Mittwoch, Dezember 29, 2004

The Impossible Dahlia

I once met a girl from Biloxi:
Eyes green, hair red, girl foxy.
She wanted to talk
But I sputtered and balked
At that age I hadn't the moxie.

She had a great story that I have told elsewhere and will tell again sometime. Suffice it to say she seemed mythical to me. She seemed to have stepped out of the real world, where fantastic, dramatic things happen, to visit me in this half-warmed echo.

I have always been sick with jealousy of other lives, and I believe that always made me eager to love. Love promises some kind of vicarious indulgence in another life. I used to say that I fell in love not with people who were like me, but with people who were like I wished to be.

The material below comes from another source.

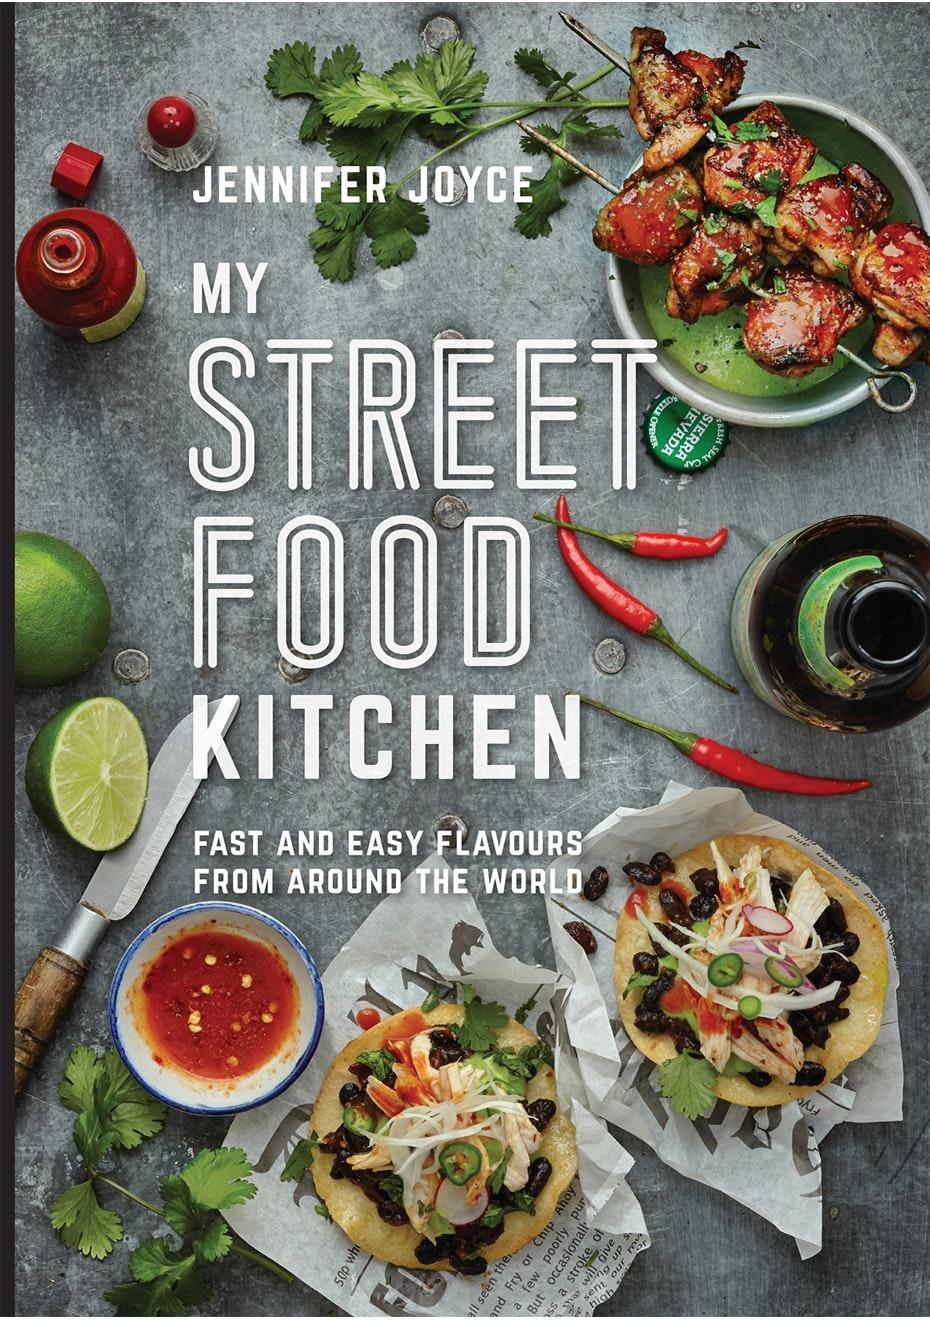 My Street Food Kitchen, Jennifer Joyce

By turns this meant beautiful, smart, cold, bitter, carefree. Perhaps this is always why opposites attract, this curious, wistful impulse.

There once was a wistful Wisconsan
Who wept when he pulled out his johnson.
It had a tattoo
That read, "Love me do?"
But lacked room to put a response in.

Freitag, Dezember 10, 2004

Large Cheese

There once was a lady from Minsk
Who had an identical twinsk
I once was her lover
Or was it...oh brother!
That other young lady from Minsk?

I don't know whether I have an unusual ability to produce limericks or merely an unusual desire to do so. I understand there are, or were, clubs for people with this affliction. Unfortunately, they were not what is now called a support group, but actually encouraged this behaviour.

Is it really so joyful and gay
To follow one rhyme scheme all day?
"There once was somebody"
Grows all fuddy-duddy
When writ out A-A-B-B-A.

Mittwoch, Dezember 08, 2004

Simply Radishing

I know what it is to be a stranger in the world. I know the uncanny sense of unreality. College, a set of halls lined with burnished oak, gleaming like a mausoleum, gleaming with the unhealthy glow of enormous tree sections in museums of natural history. Those vast cross-sections with arrows captioned "Da Gama discovers Pacific" or "Liberty Bell forged." The hall seems wrongly preserved. To walk in it, to weep in it is like fucking your grandmother. All I remember are empty, dull halls.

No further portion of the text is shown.